# Pics of Our Furbaby Coming Home Soon!



## Petsrlove (Dec 21, 2011)

I am new to the forum and wanted to share a few pics (proud Momma) of our new furbaby coming home soon...sorry they are a little washed out!


----------



## Kel (Feb 1, 2011)

Awww, amazing colours on your puppy! Congratulations and enjoy!


----------



## puppylove (Jul 25, 2011)

Welcome to the forum What a stunning puppy. What colour would you call his coat?


----------



## Ali79 (Mar 30, 2011)

Hello - he is absolutely gorgeous - no wonder you are excited. We lost our Cavvie in February last year to the same illness as yours but Beau has brought the joy back into our lives the same as your little boy will. Love his colouring


----------



## Petsrlove (Dec 21, 2011)

Thank you so much for all of the sweet replies!
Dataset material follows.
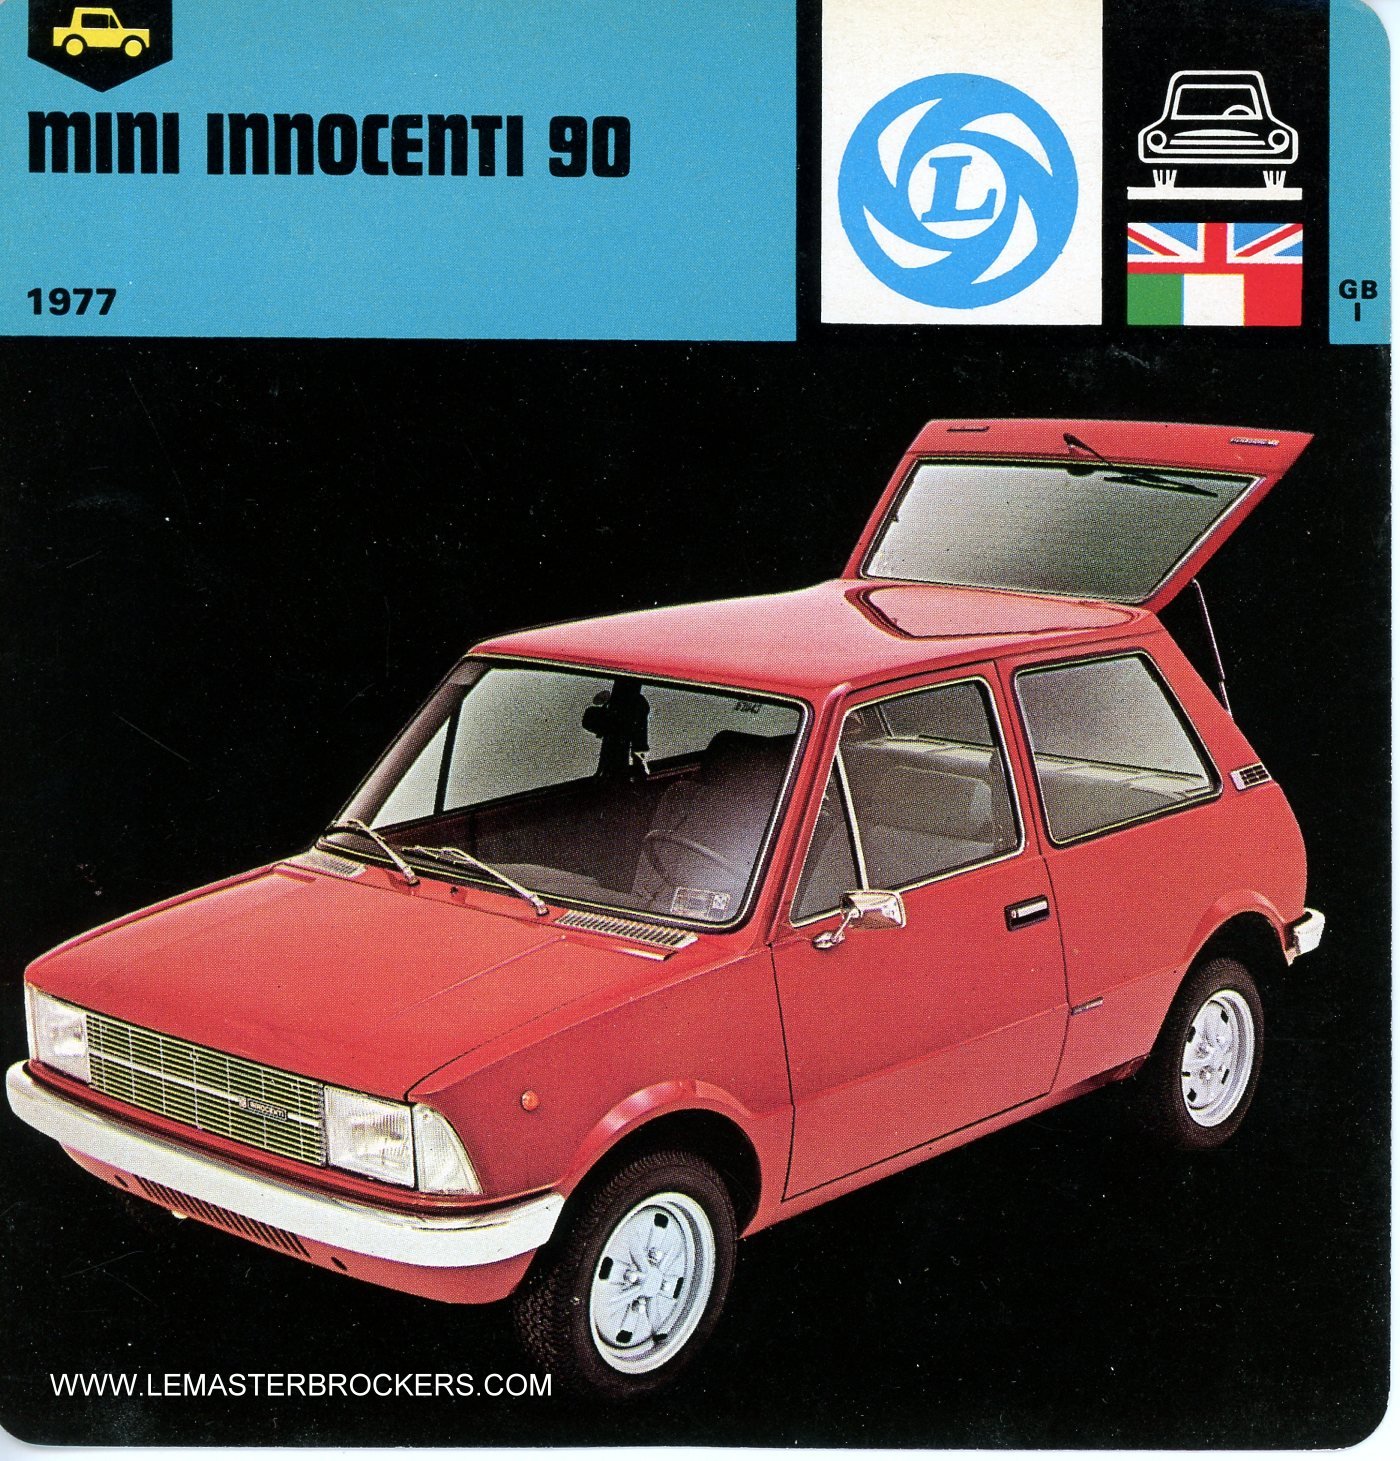 FICHE AUTO MINI INNOCENTI 90 - 1977
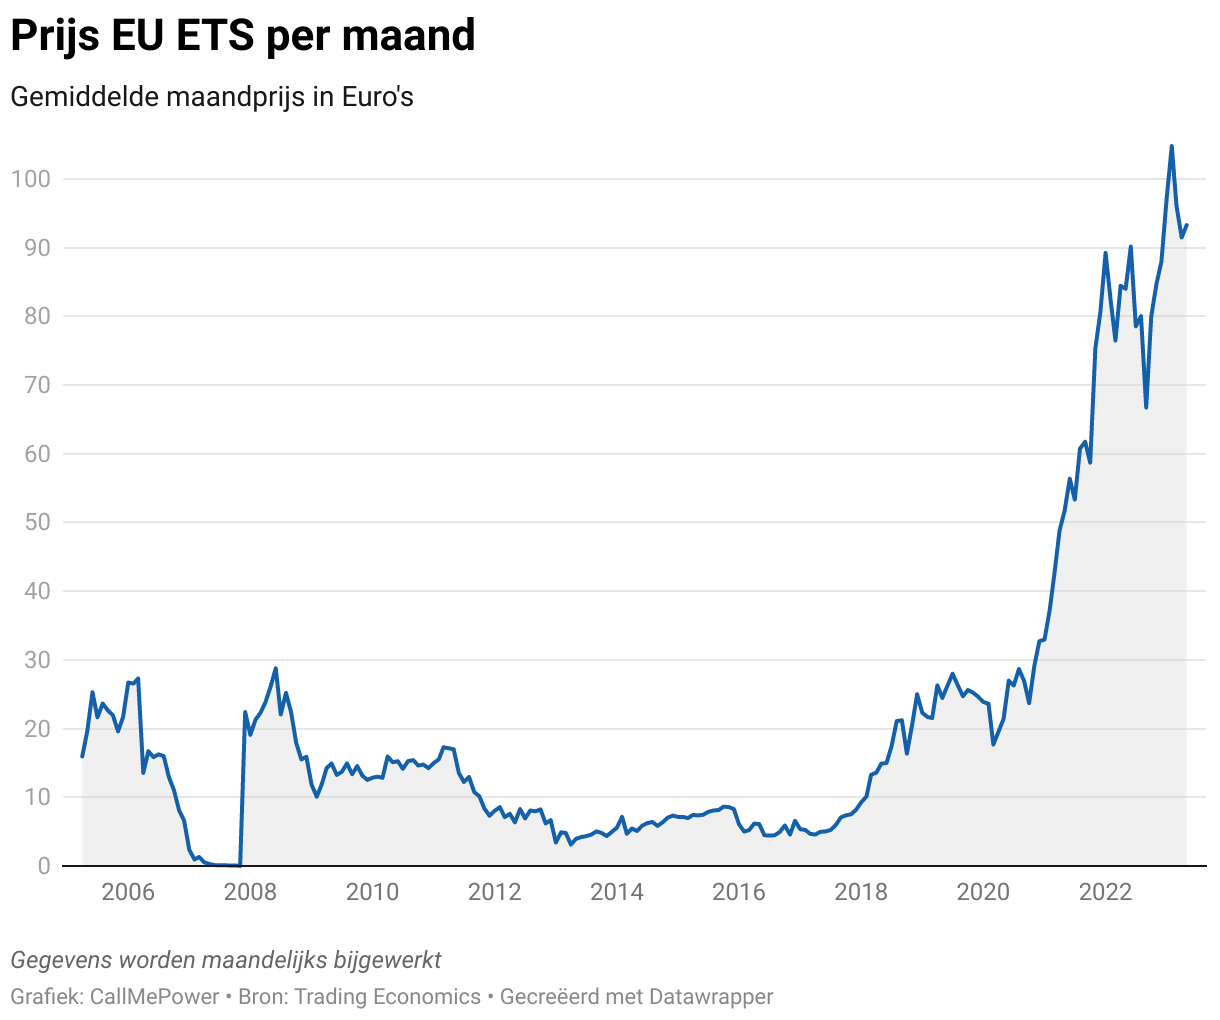 Grafiek met de prijs voor EU ETS sinds 2005

He is a Chocolate Tri Merle...Yes...We look forward to having the joy of another furbaby as it is so lonely without one...We have wanted a chocolate dog for a long time and came across the chocolate merle and fell head over heels in love...just had to have one!


----------



## kendal (Jul 16, 2009)

Do you have a name for him yet. stunning colour what colour werr mum and dad and the rest of the litter


----------



## Laura(L)Izzie (Sep 9, 2011)

Gorgeous baby  Just replied on your other post so i'll leave it at that


----------



## Petsrlove (Dec 21, 2011)

Thank you! His name is Kona. Mom was a Black and White and Dad was a solid Chocolate Merle. There were 4 pups total, there was 1 black, 1 blue merle and 2 choc merles, the other choc merle was a golden creme with some milk choc. coloring.


----------



## JoJo (Mar 2, 2011)

yummy scrummy colour  ... welcome to the forum ...


----------



## JulesB (Mar 6, 2011)

What a gorgeous boy! I can't wait to see how his colour develops as he grows.

x


----------



## Janev1000 (Oct 4, 2011)

The 1st pic is just too cute!!


----------



## Dee123 (Aug 20, 2011)

Stunning baby!


----------



## Sezra (May 20, 2011)

Welcome to the forum!  Kona is gorgeous!


----------



## M&M's mummy (Jul 12, 2011)

OMG he is just gorgeous!!!! :love-eyes::love-eyes::love-eyes:


WANT WANT WANT!!!!!!! lucky you !!!!!


----------



## Mogdog (Feb 6, 2011)

Kona is one of the prettiest cockapoos I've seen :love-eyes::love-eyes::love-eyes: ... lovely!


----------



## Oddson (Jun 17, 2011)

So so cute, enjoy.


----------



## dave the dog (Jun 4, 2011)

Wow! Amazing coat colour. I love him!

Meg x


----------



## wilfiboy (Sep 18, 2010)

Hi I wondered if you had upto date pictures of the lovely Kona as I'm eager to see how his coat has changed. 
We've just got Fergus this summer who has very similar markings and just wondered what he'd turn out like x


----------



## Mazzapoo (Jul 28, 2013)

Ha ha, great pictures Karen, he looks so expectant of good things coming his way!


----------



## wilfiboy (Sep 18, 2010)

He's looking at Richard who is looking through the window at him, you can see his tailwagging x


----------



## Tinman (Apr 23, 2013)

Very very cute! Welcome x


----------



## lady amanda (Nov 26, 2010)

Hi there!
are you in North America? I think I noticed a docked tail.

Gorgeous colouring!


----------



## SamRinde (Jun 10, 2013)

I love Merle coloring. Fergus is such a cutie with his, and I forget the other one that I think is Fergus's sibling? Kona is gorgeous as well!


----------



## wilfiboy (Sep 18, 2010)

This is an old thread from 2012 I was just thinking the lady who started it may get email alerts when people reply to it....I have actually emailed her cos I'd love to know what he looks like now but she hasn't replied she may think I'm a crackpot 
I sooo hope she does xx


----------



## lady amanda (Nov 26, 2010)

Oh I was paying attention today eh!
you know, I bet if I scroll back through I probably made the same comment before! LOL


----------



## Yogi bear (Feb 25, 2013)

O.M.G!! Oh my! Just adorable! And a stunning colour! Can't wait for more pics  welcome x

https://www.facebook.com/SeymourTheRedCockapoo


----------



## Tinman (Apr 23, 2013)

wilfiboy said:


> He's looking at Richard who is looking through the window at him, you can see his tailwagging x


Oh Karen he is the sweetest!
He has the cutest face with so much character & yes a very waggy tail in that picture x


----------